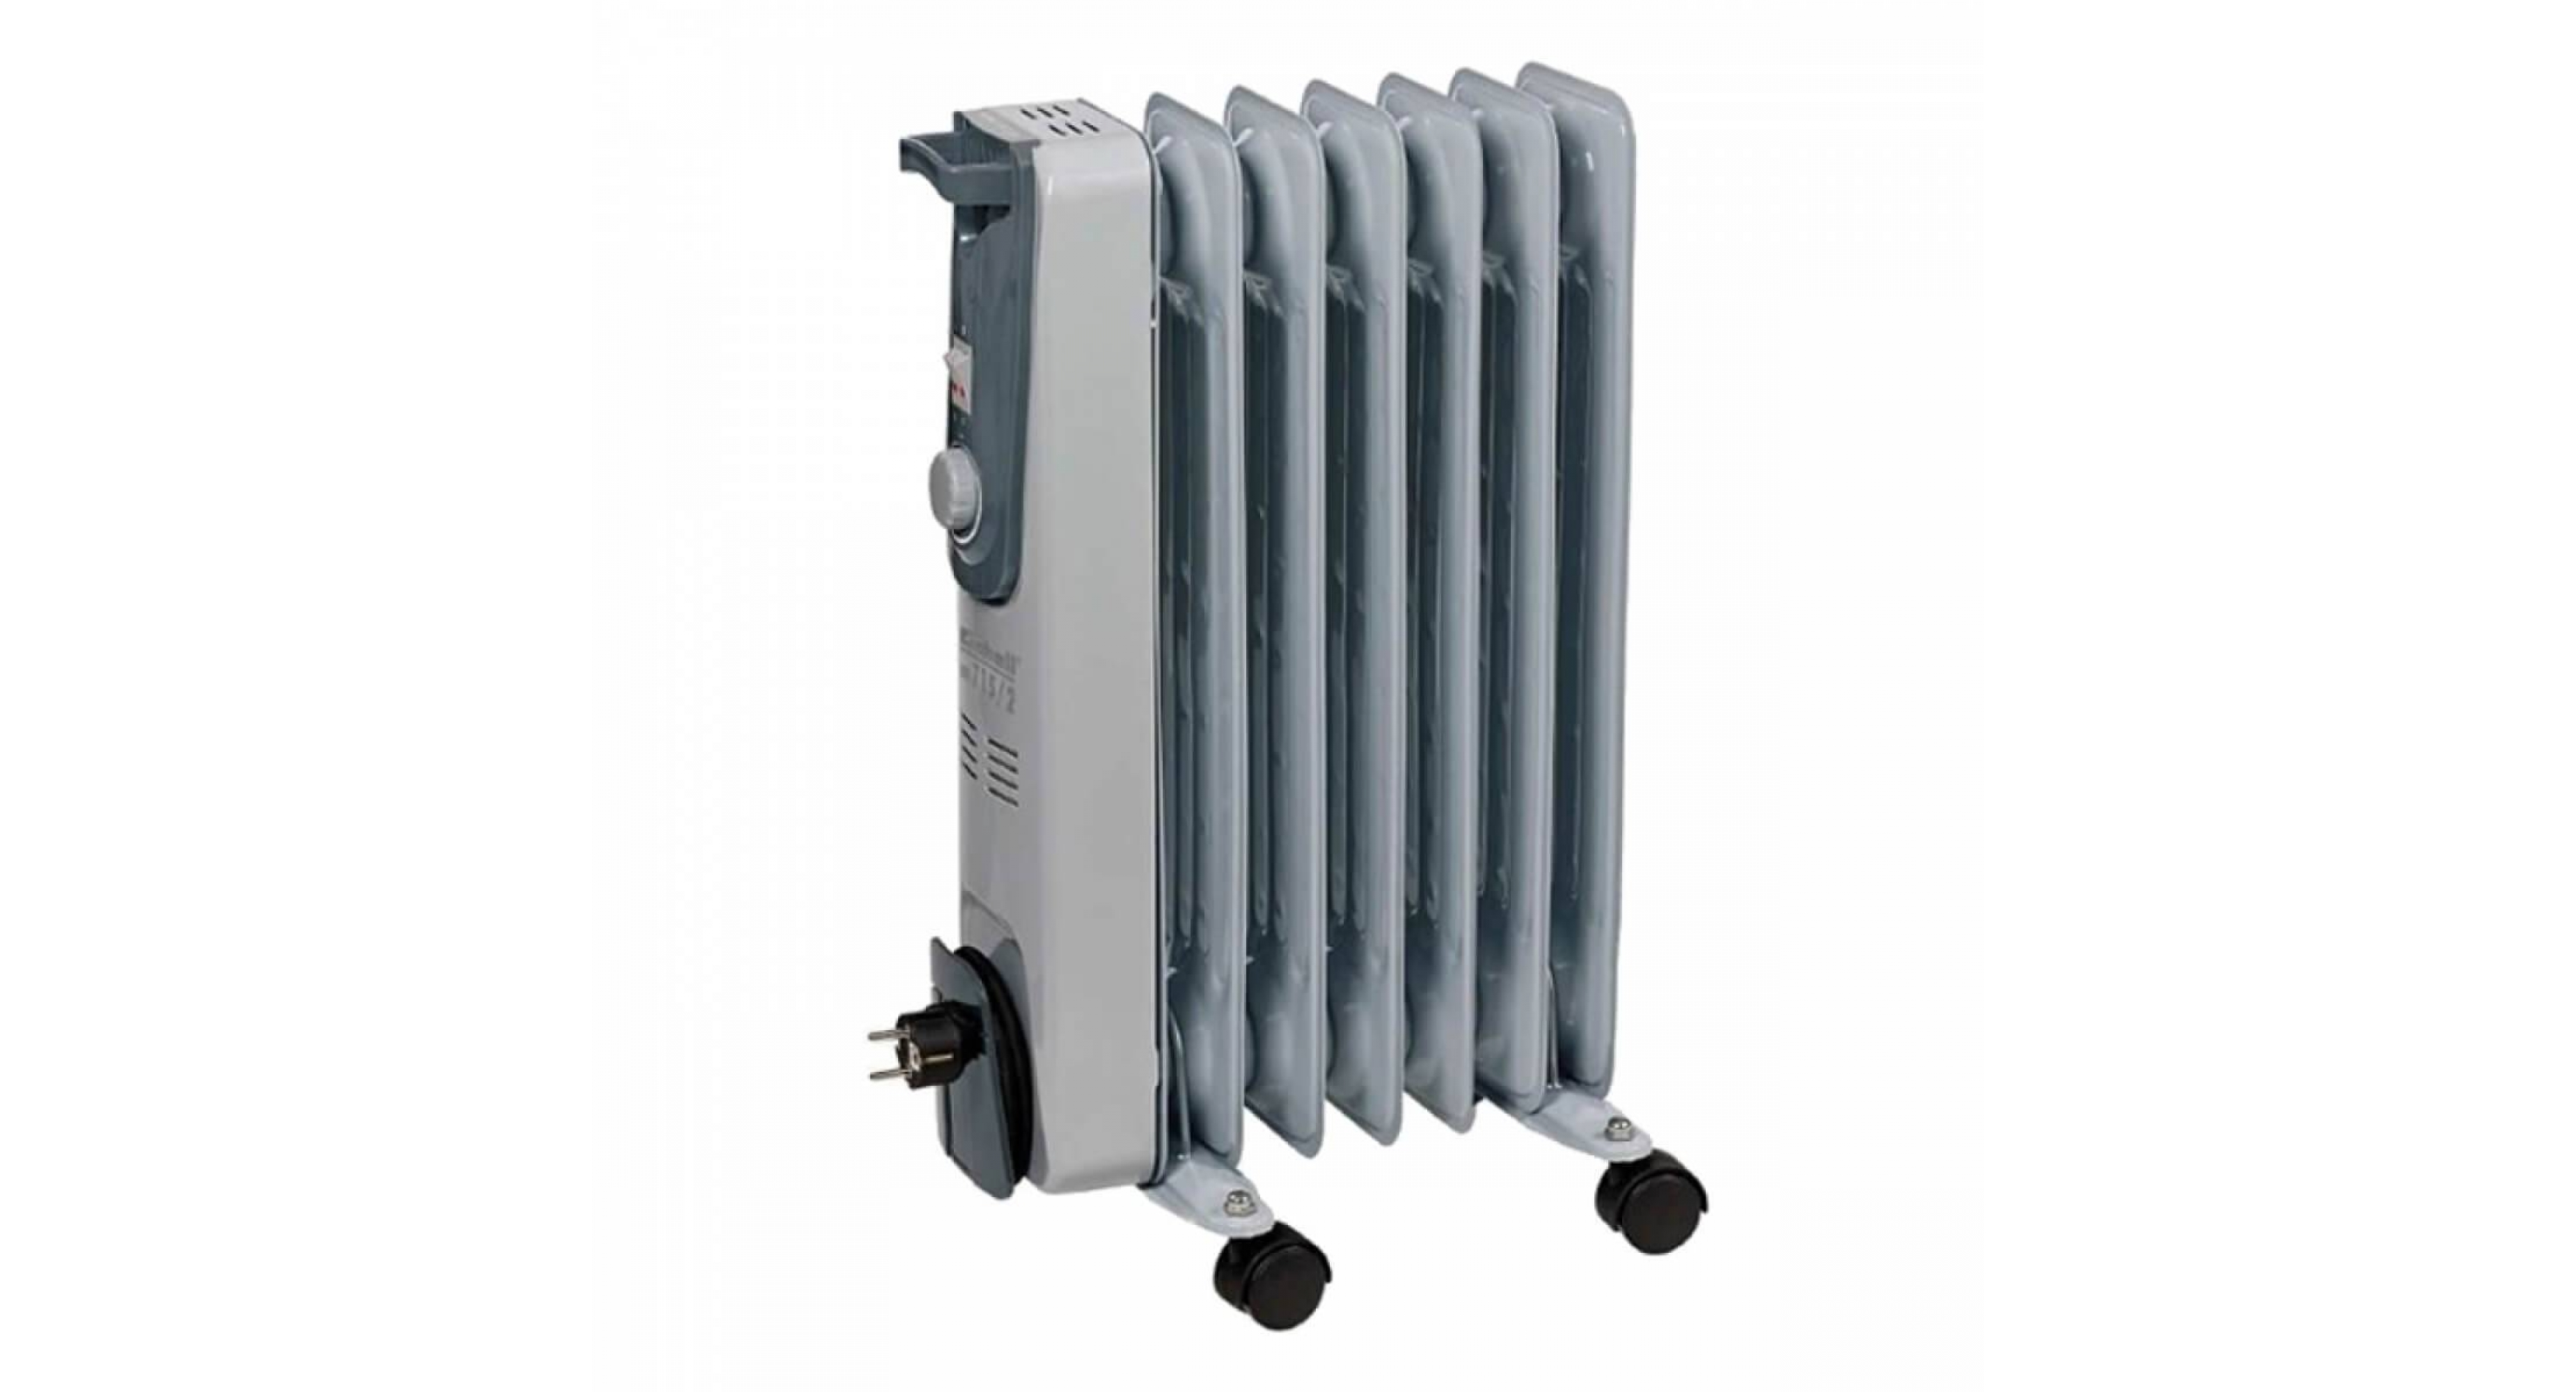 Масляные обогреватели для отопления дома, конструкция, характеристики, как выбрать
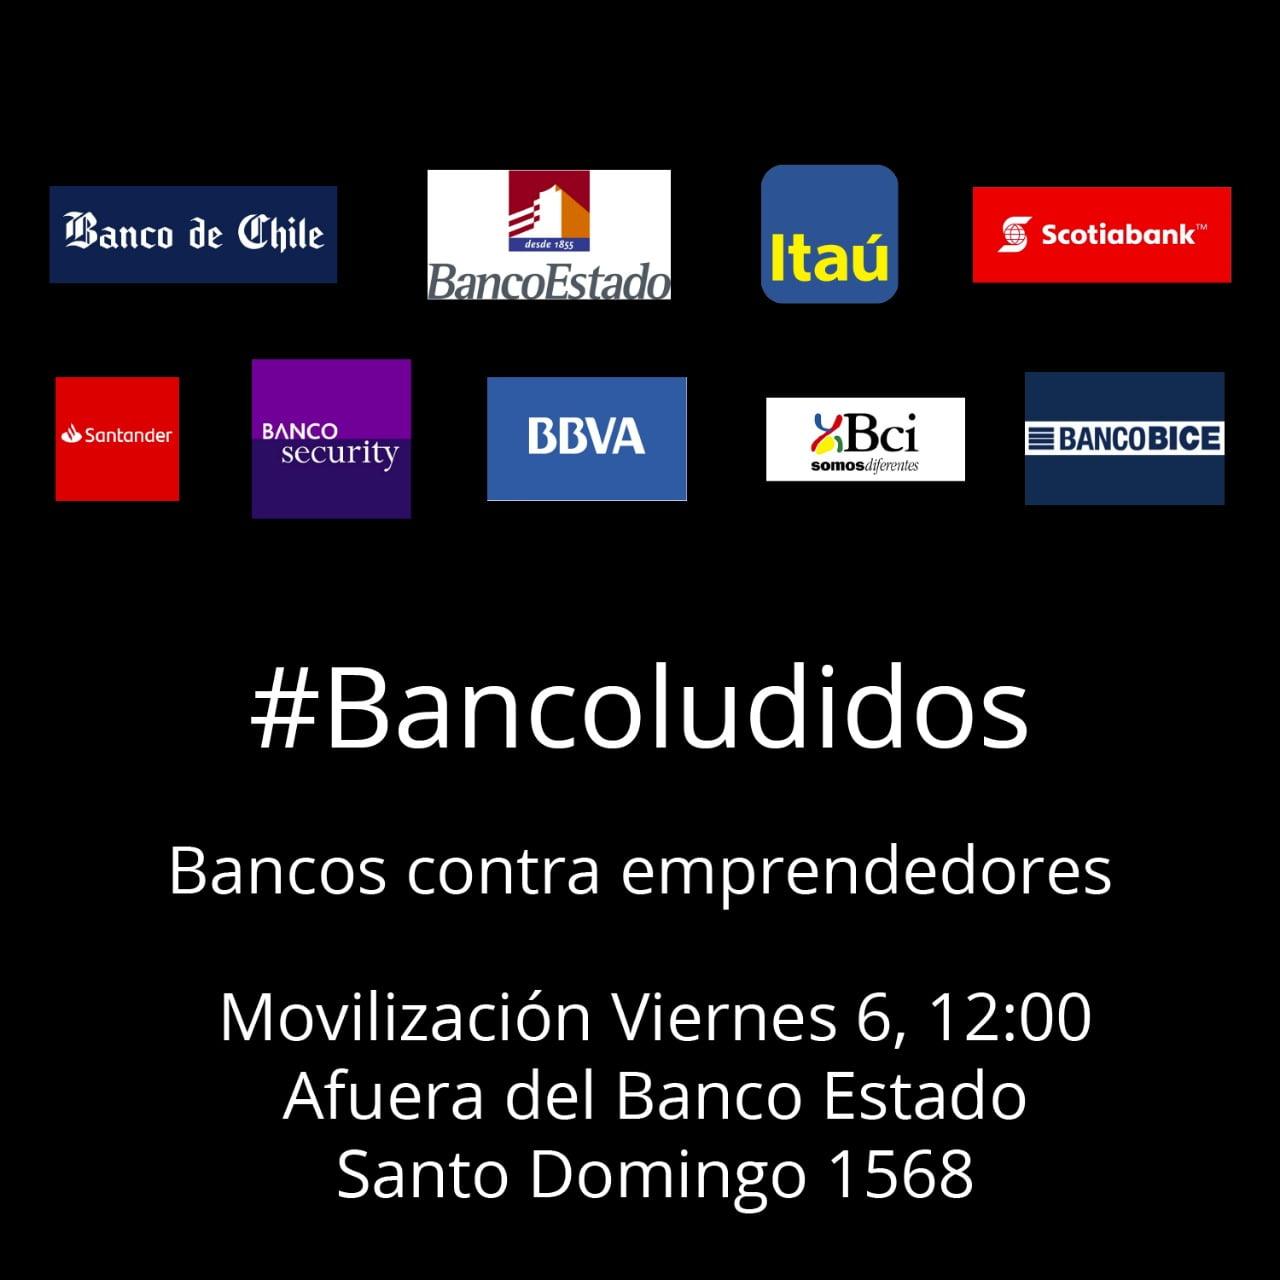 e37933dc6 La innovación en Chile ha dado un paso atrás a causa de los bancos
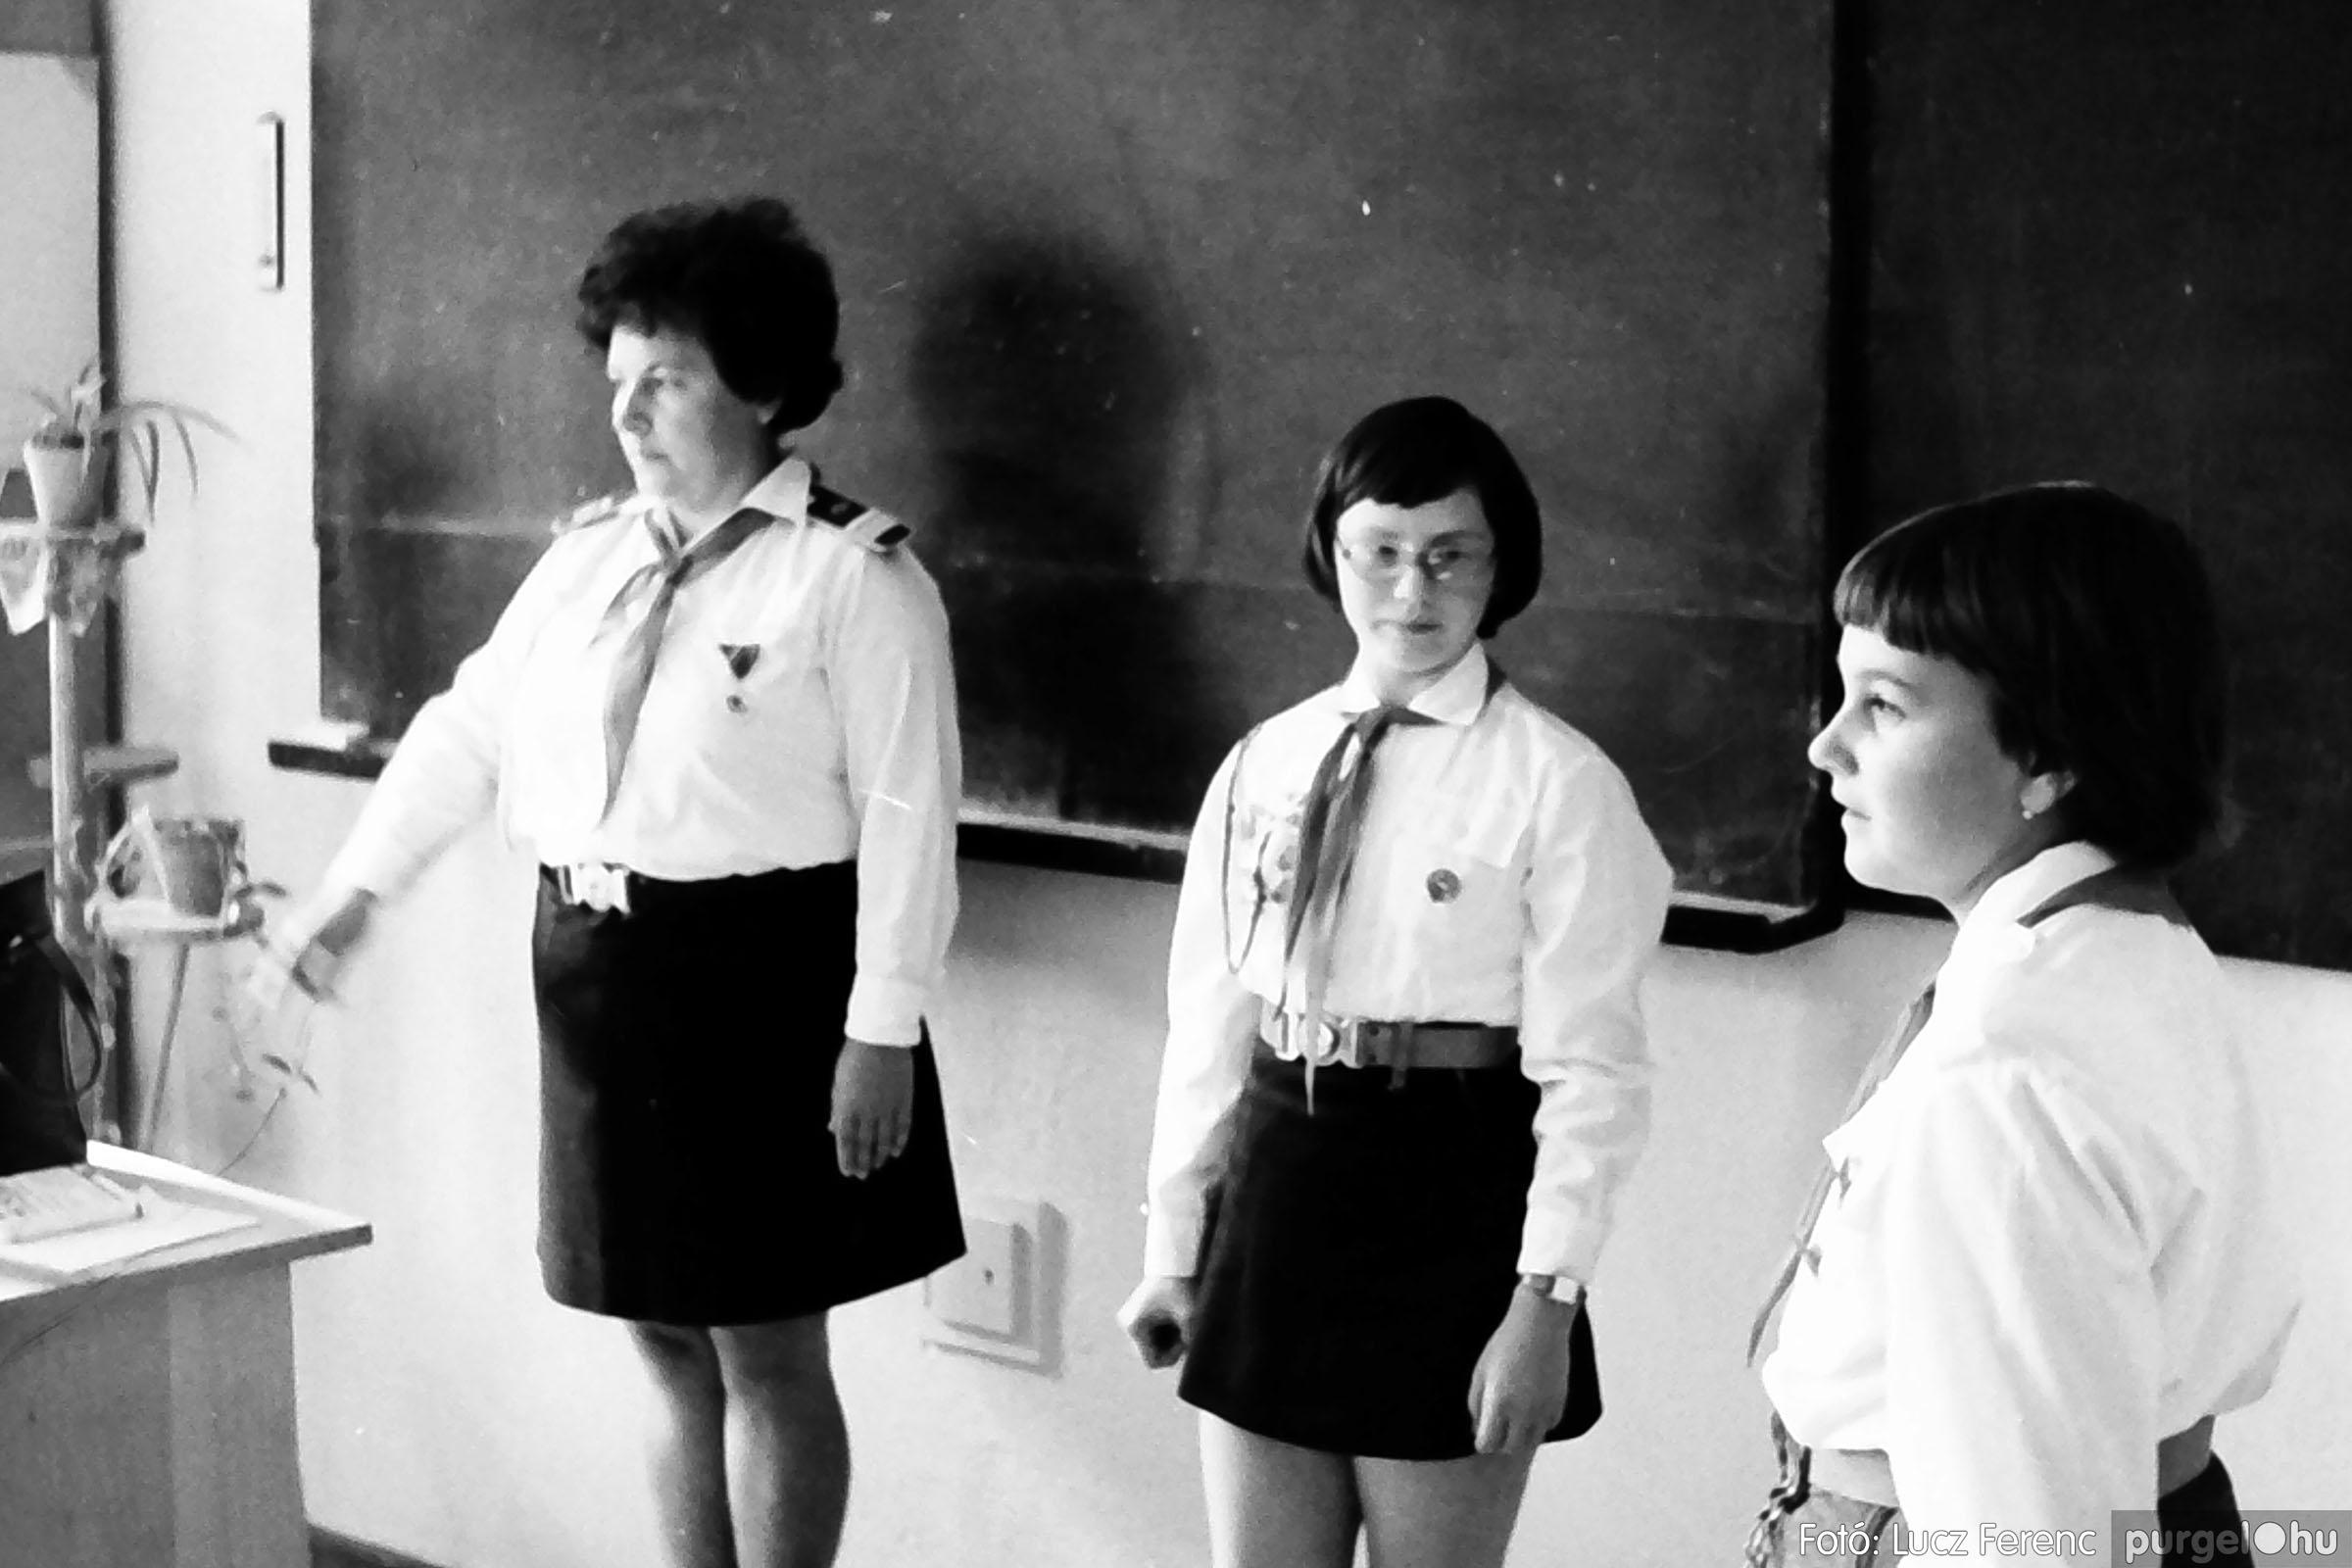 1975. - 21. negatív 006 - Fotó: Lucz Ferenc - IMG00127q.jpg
————————
# What is expected
Nothing but the lines from the line with "e37933dc6 La innovación" through the last line of the listing should be copied, exactly and with both ends kept. Leave pictures out.

# Response to the exercise
 e37933dc6 La innovación en Chile ha dado un paso atrás a causa de los bancos
 1975. - 21. negatív 006 - Fotó: Lucz Ferenc - IMG00127q.jpg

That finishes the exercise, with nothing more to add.